Task item
Nothing but the lines from the one with "Cube Handschuhe Winter" down to the one with "Role of Probiotics" should be returned, exactly and with both ends included, from the material below.

Information supplied
++++

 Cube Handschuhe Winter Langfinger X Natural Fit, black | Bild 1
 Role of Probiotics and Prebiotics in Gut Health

++++

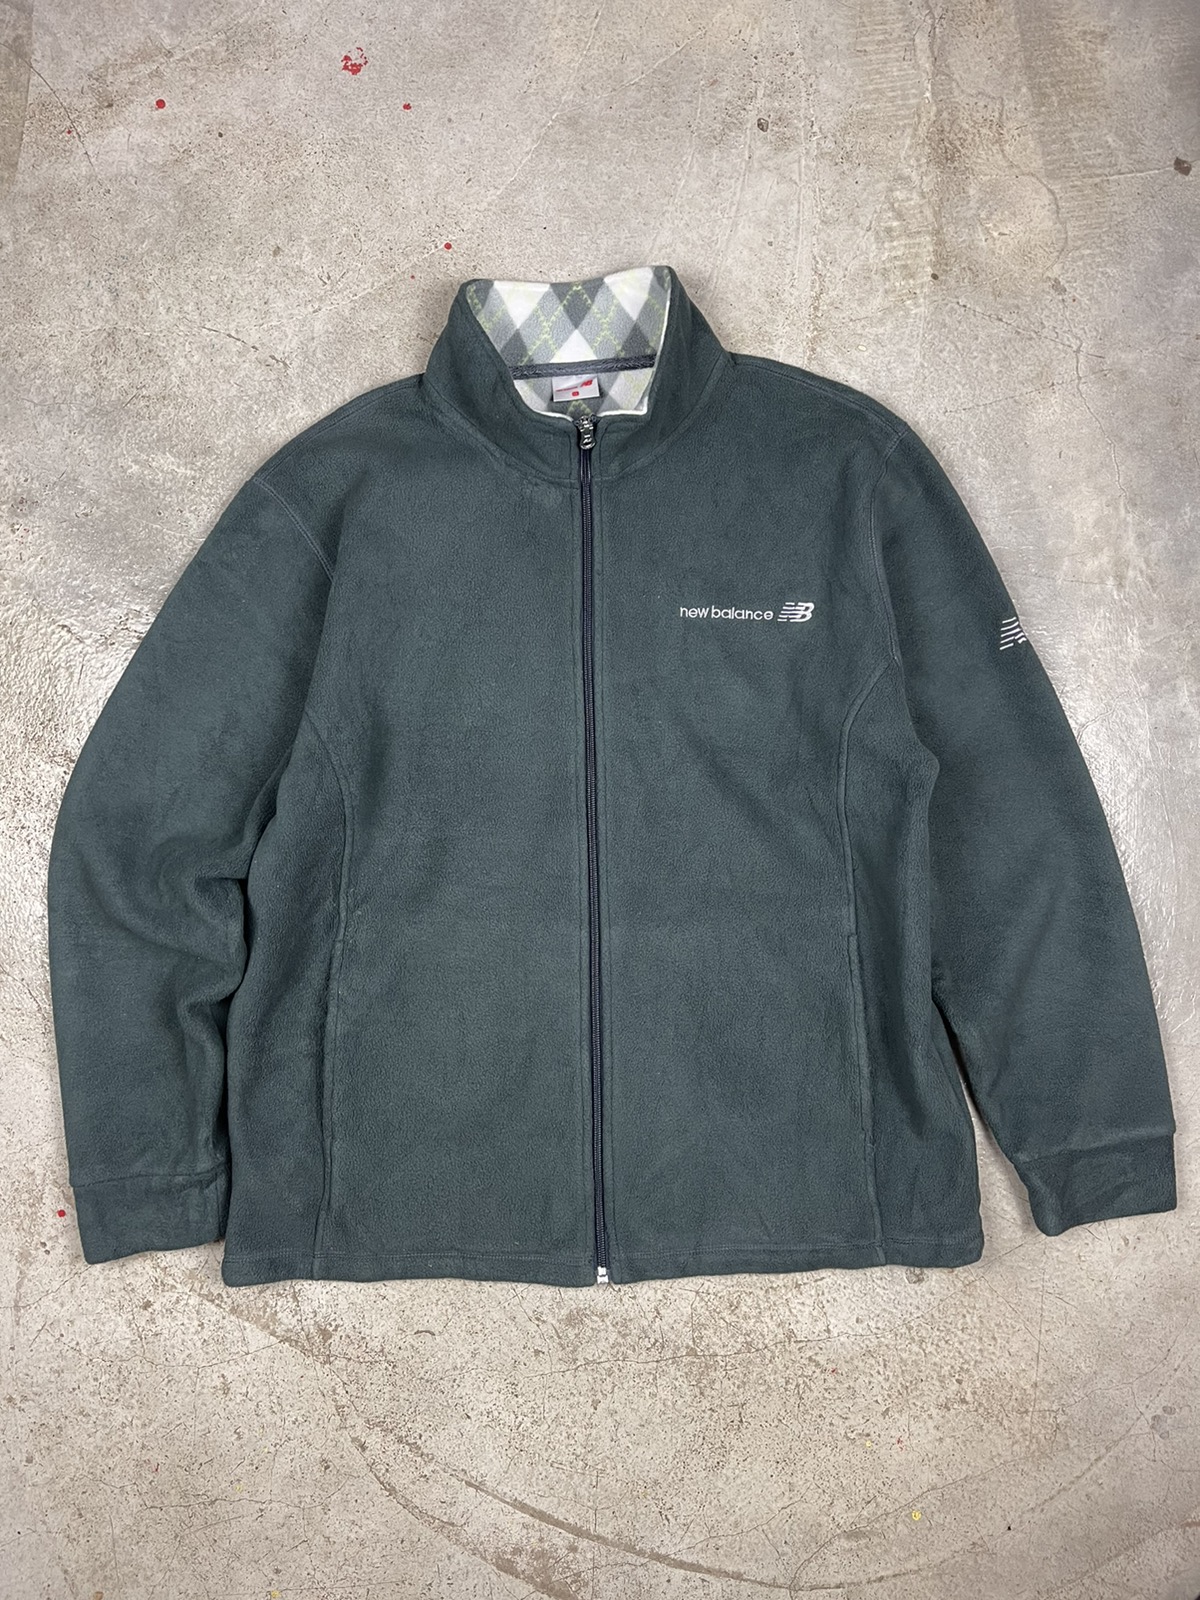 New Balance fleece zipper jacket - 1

++++

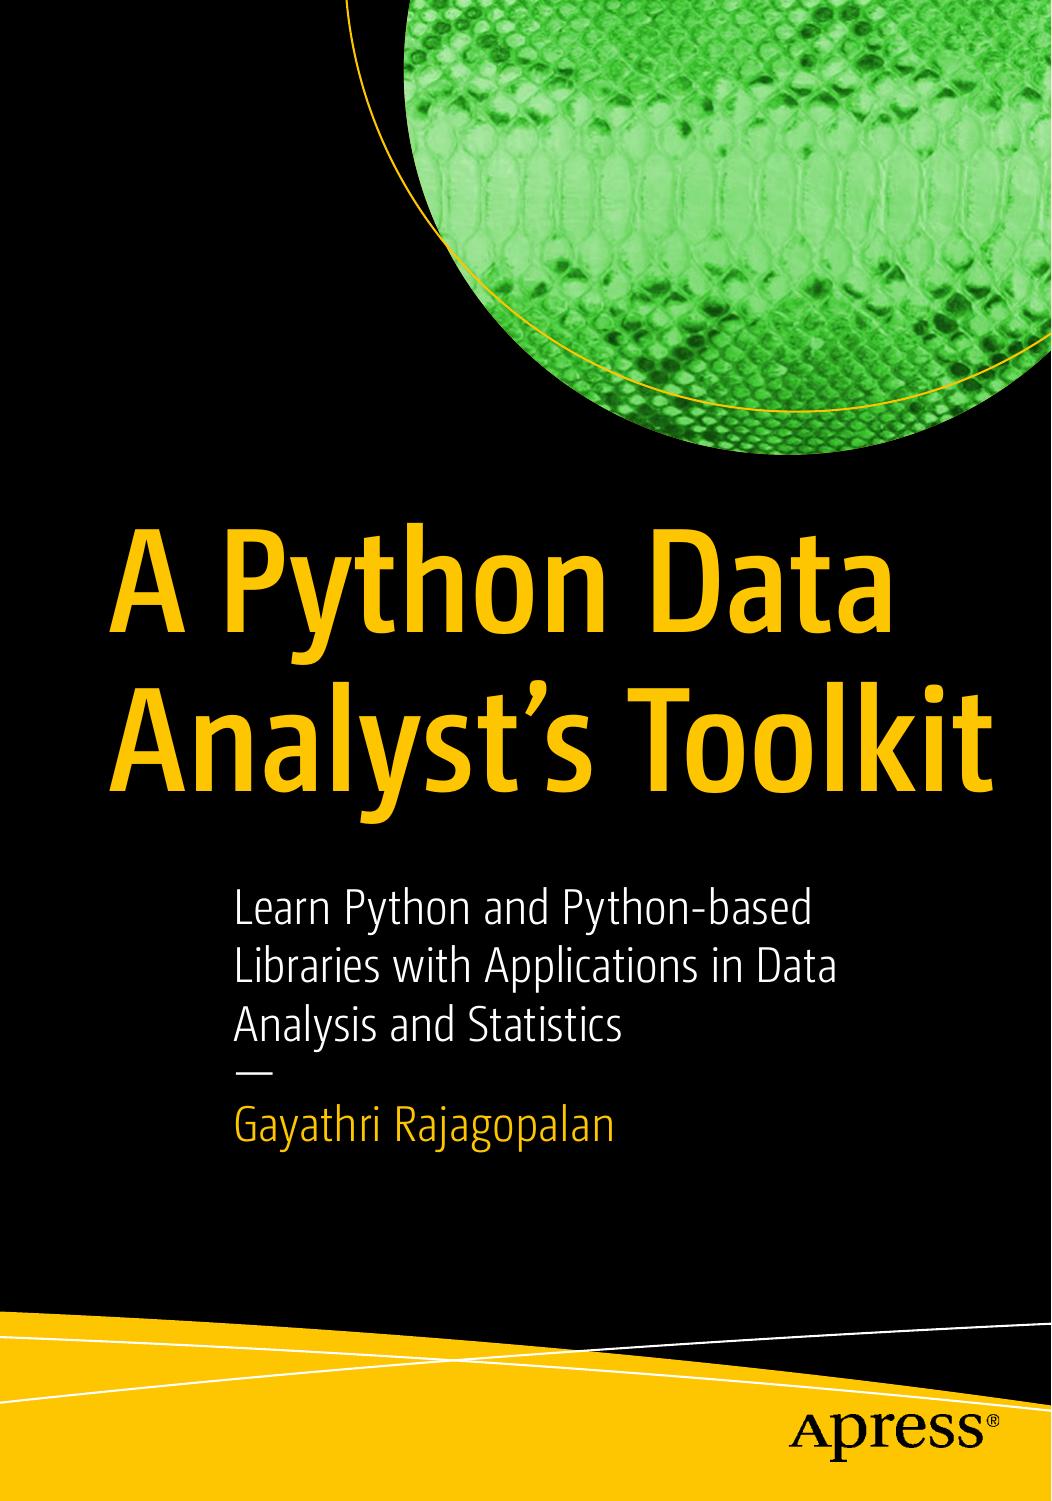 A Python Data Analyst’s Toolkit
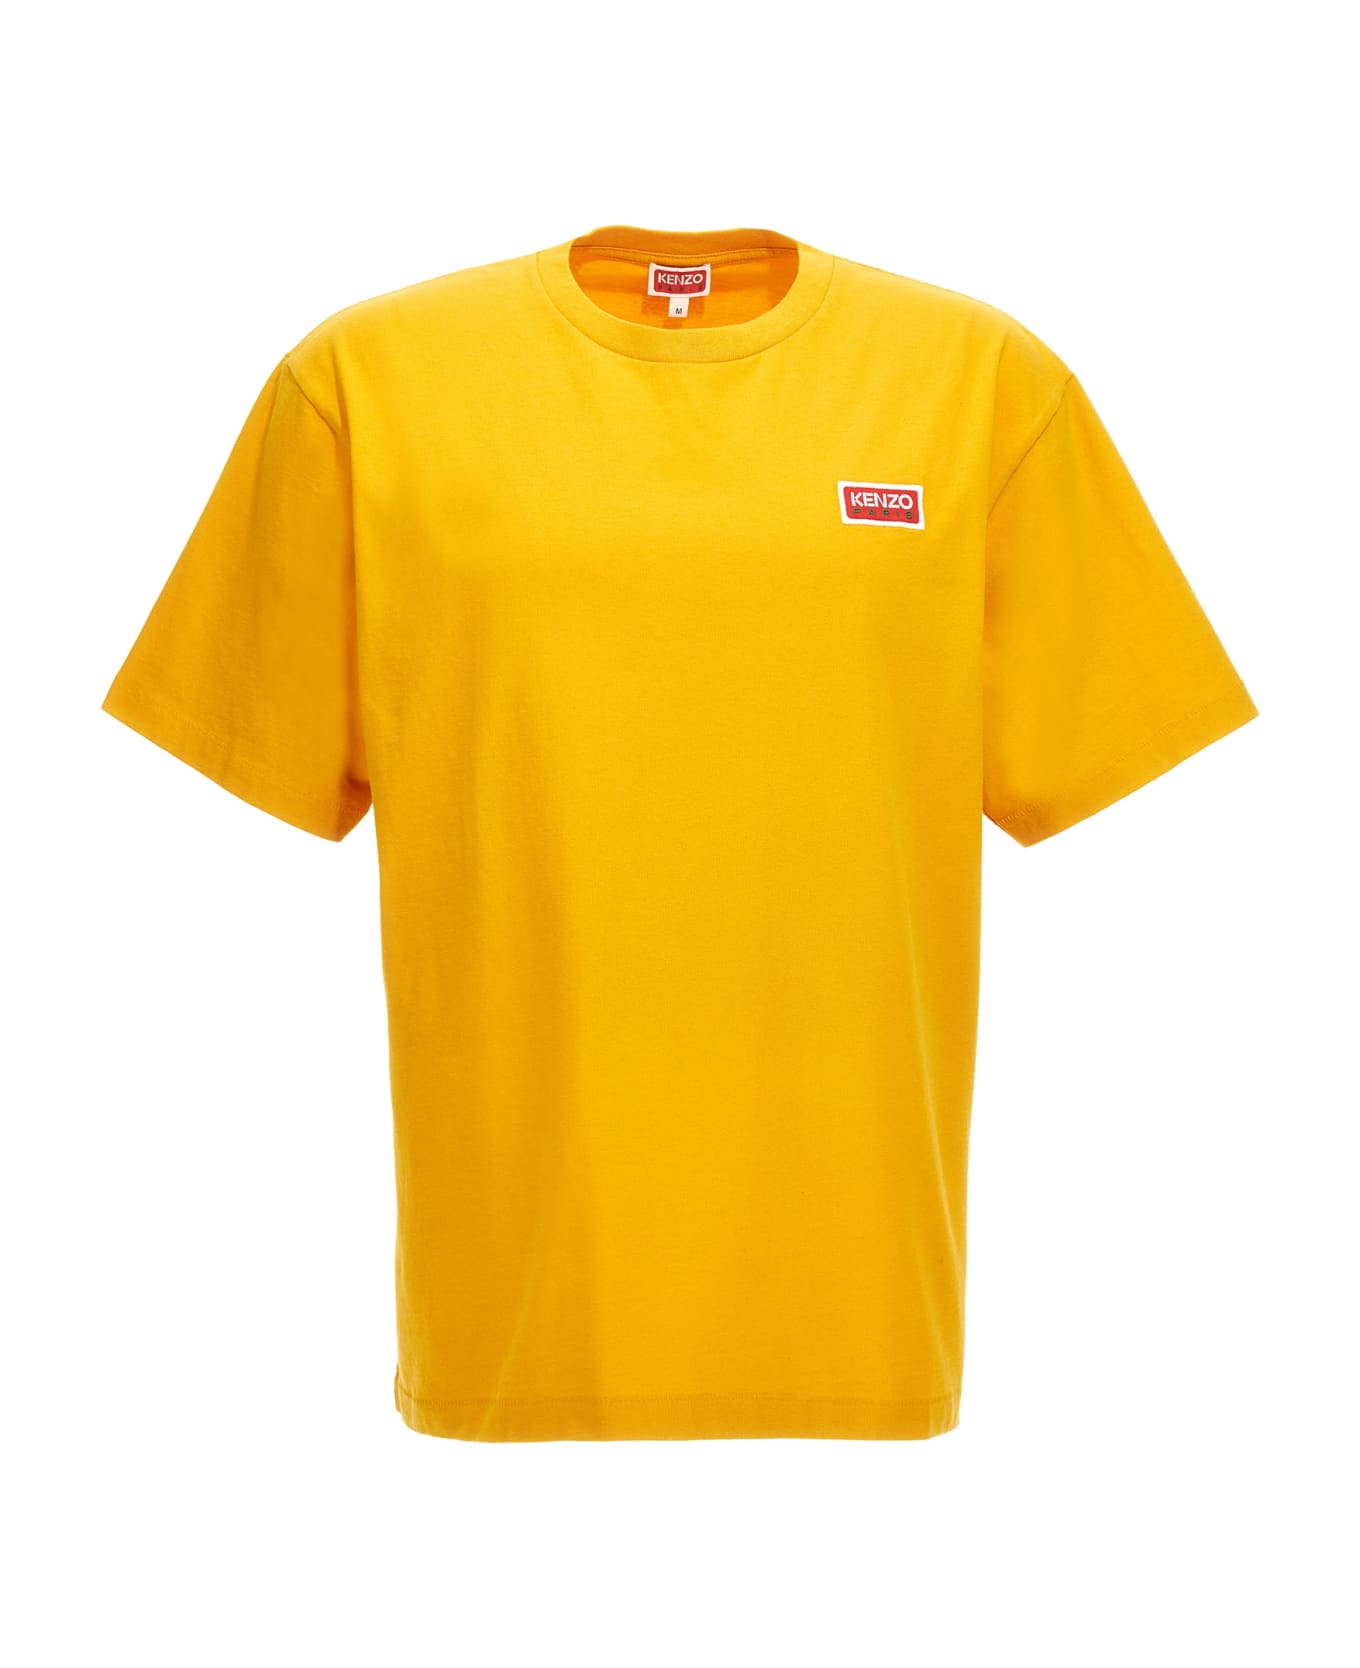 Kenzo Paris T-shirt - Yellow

++++

Reply to the exercise
 Cube Handschuhe Winter Langfinger X Natural Fit, black | Bild 1
 Role of Probiotics and Prebiotics in Gut Health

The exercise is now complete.